ECLI:NL:RBROT:2018:6343
Rechtbank Rotterdam
- Voorlopige voorziening
- Rechtspraak.nl
Beëindiging van maatschappelijke opvang op grond van de bed-bad-brood-regeling en de juridische implicaties van het beleid van de gemeente Rotterdam
In deze zaak heeft de voorzieningenrechter van de Rechtbank Rotterdam op 2 augustus 2018 uitspraak gedaan over het verzoek om een voorlopige voorziening van een verzoeker wiens maatschappelijke opvang op grond van de bed-bad-broodregeling (BBB) door de gemeente Rotterdam is beëindigd. De gemeente heeft deze beslissing genomen op basis van het beleid dat alleen opvang wordt verstrekt aan personen die actief meewerken aan een begeleidingstraject gericht op perspectief en uitstroom. Verzoeker, die sinds 2015 gebruik maakte van de BBB-regeling, heeft bezwaar gemaakt tegen de beëindiging van zijn opvang, waarbij hij zich beroept op zijn kwetsbare gezondheidssituatie als diabetespatiënt en op het Internationaal Verdrag inzake economische, sociale en culturele rechten (IVESCR).

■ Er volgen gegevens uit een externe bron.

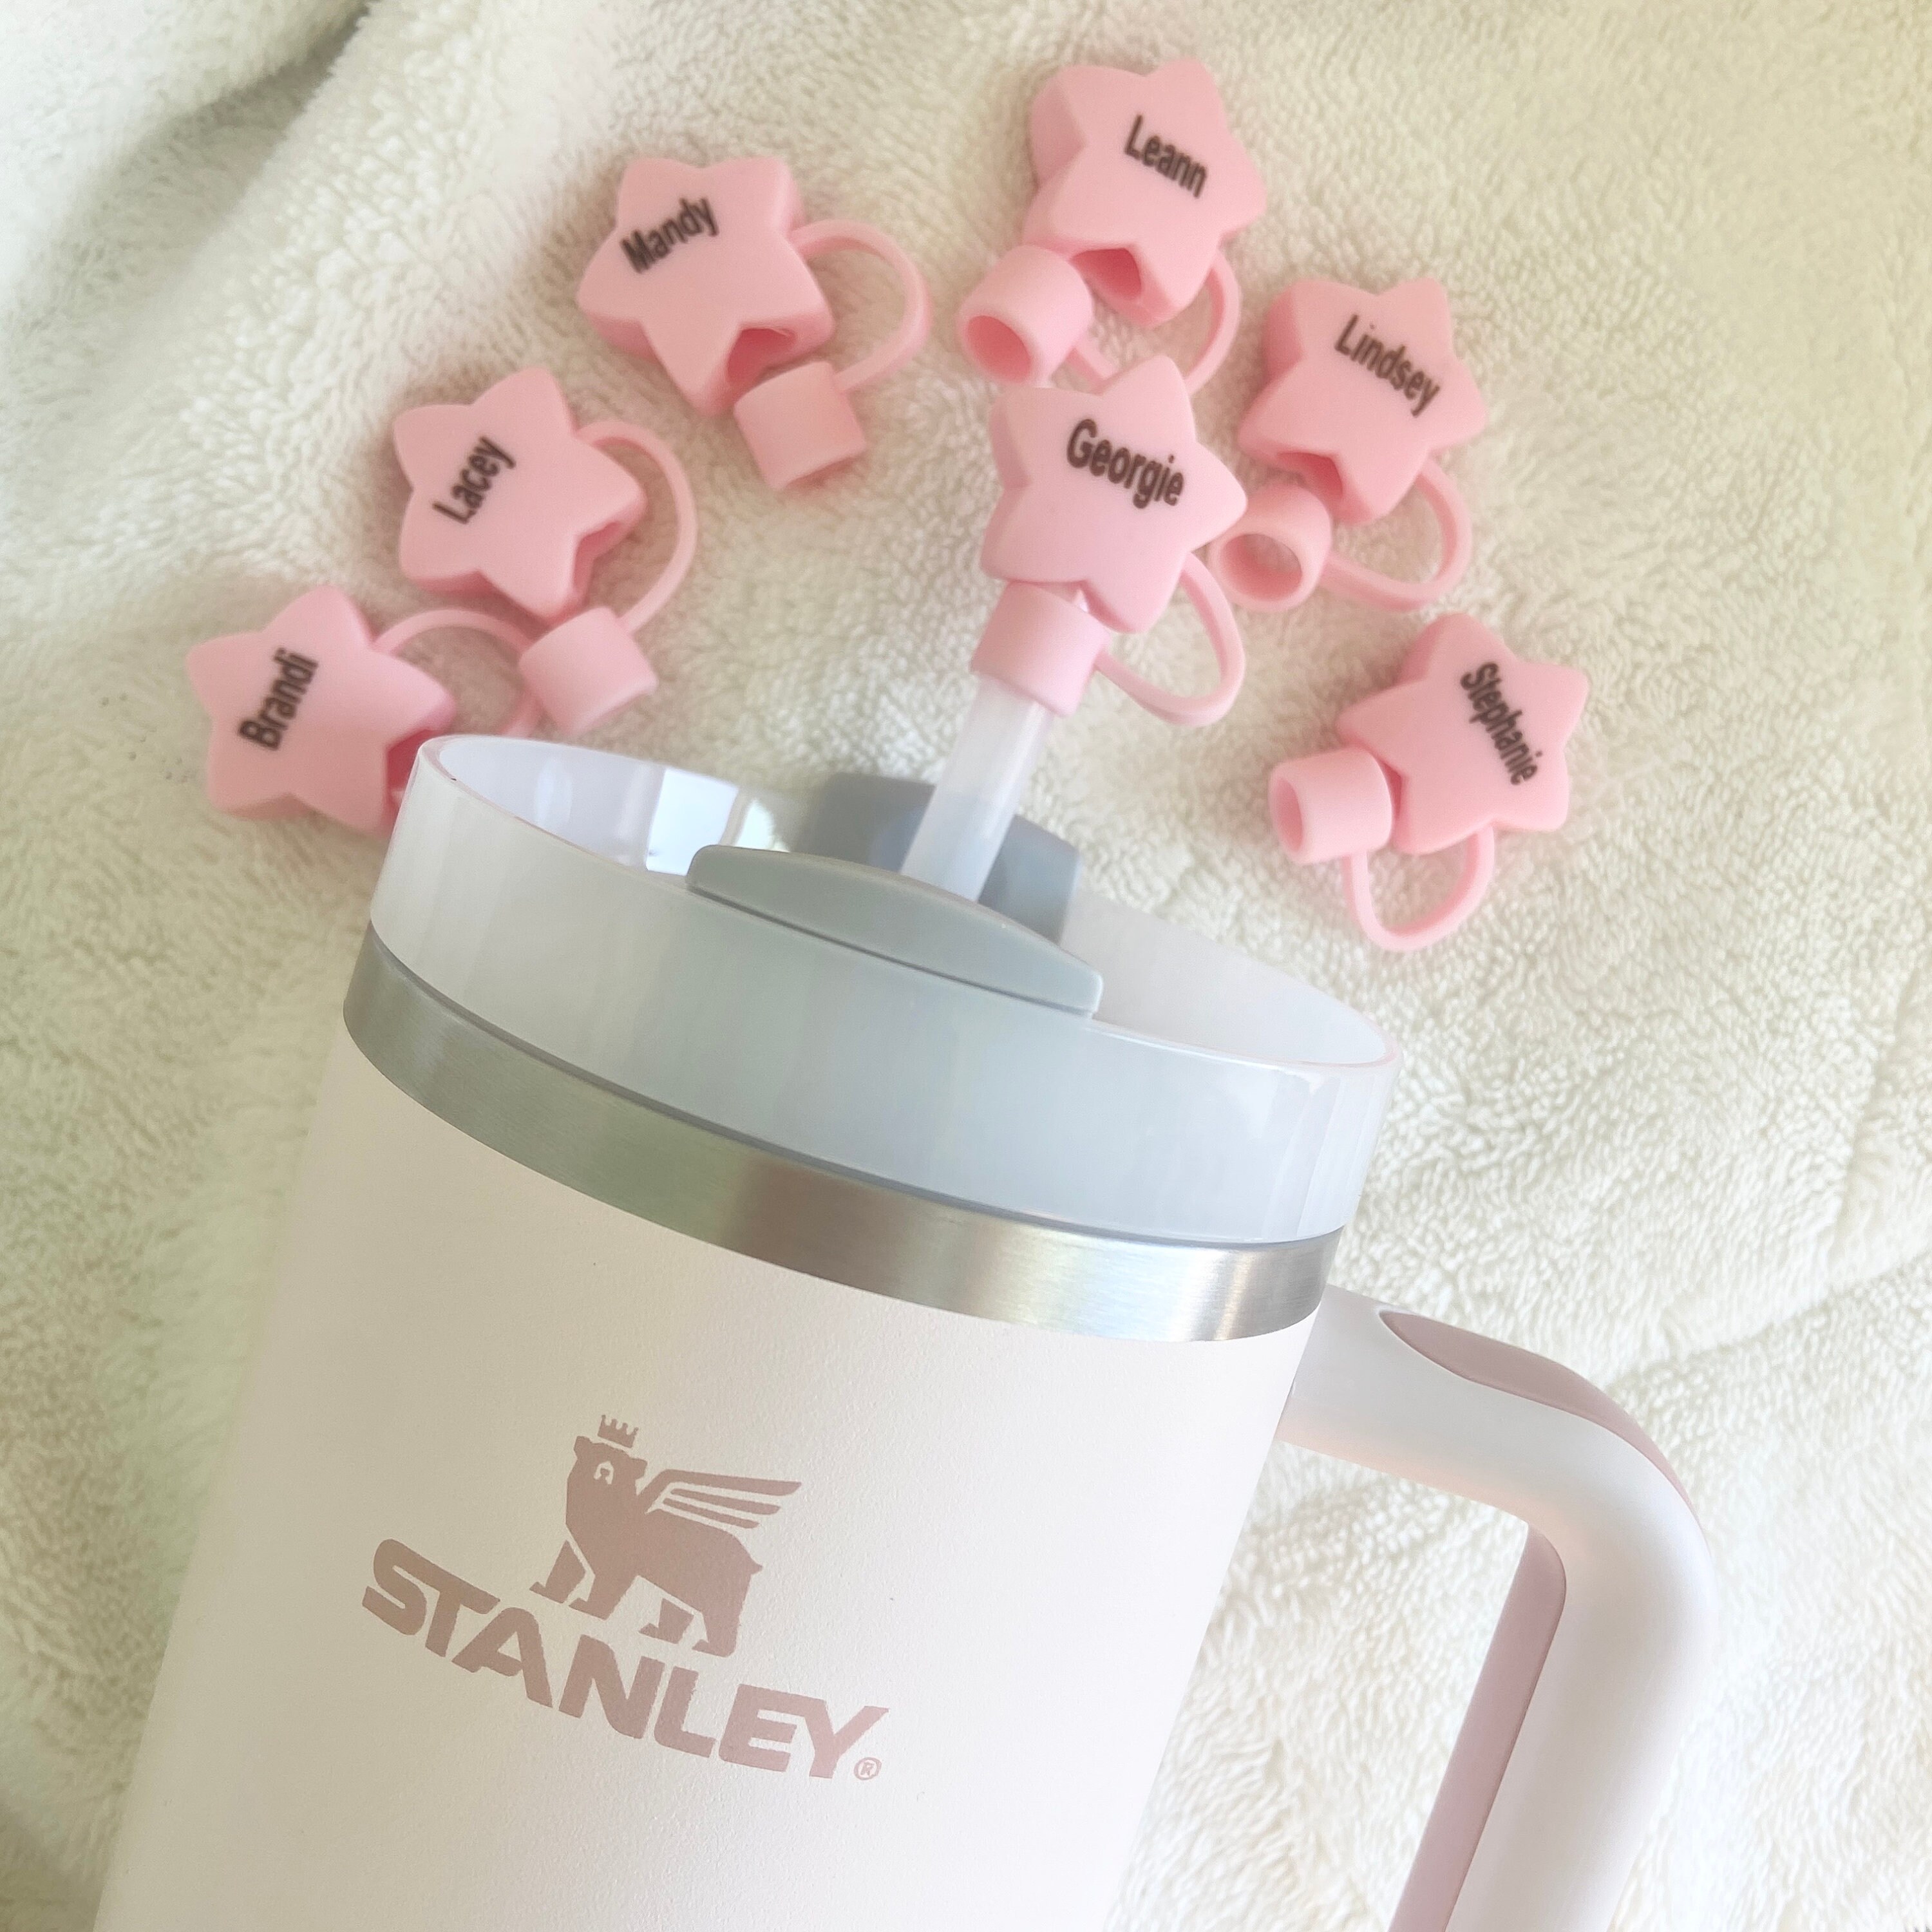 New Stanley + Straw Toppers, Gallery posted by JeN Marie 🪩

De voorzieningenrechter overweegt dat de gemeente Rotterdam geen wettelijke verplichting heeft om basisvoorzieningen te verstrekken aan verzoeker, en dat het beleid van de gemeente moet worden aangemerkt als buitenwettelijk begunstigend beleid. Dit beleid is ontwikkeld in samenwerking met lokale organisaties en is gericht op het bieden van ondersteuning aan ongedocumenteerden die meewerken aan hun terugkeer naar het land van herkomst. De rechter stelt vast dat verzoeker niet voldoende heeft onderbouwd dat zijn gezondheid in gevaar komt door het ontbreken van opvang en dat de gemeente het beleid op zorgvuldige wijze heeft toegepast.
Uiteindelijk wijst de voorzieningenrechter het verzoek om voorlopige voorziening af, omdat het bestreden besluit naar verwachting in stand kan blijven. Verzoeker heeft ook verzocht om vrijstelling van het griffierecht, wat door de voorzieningenrechter is toegewezen. De uitspraak is openbaar gedaan en er staat geen rechtsmiddel open tegen deze beslissing.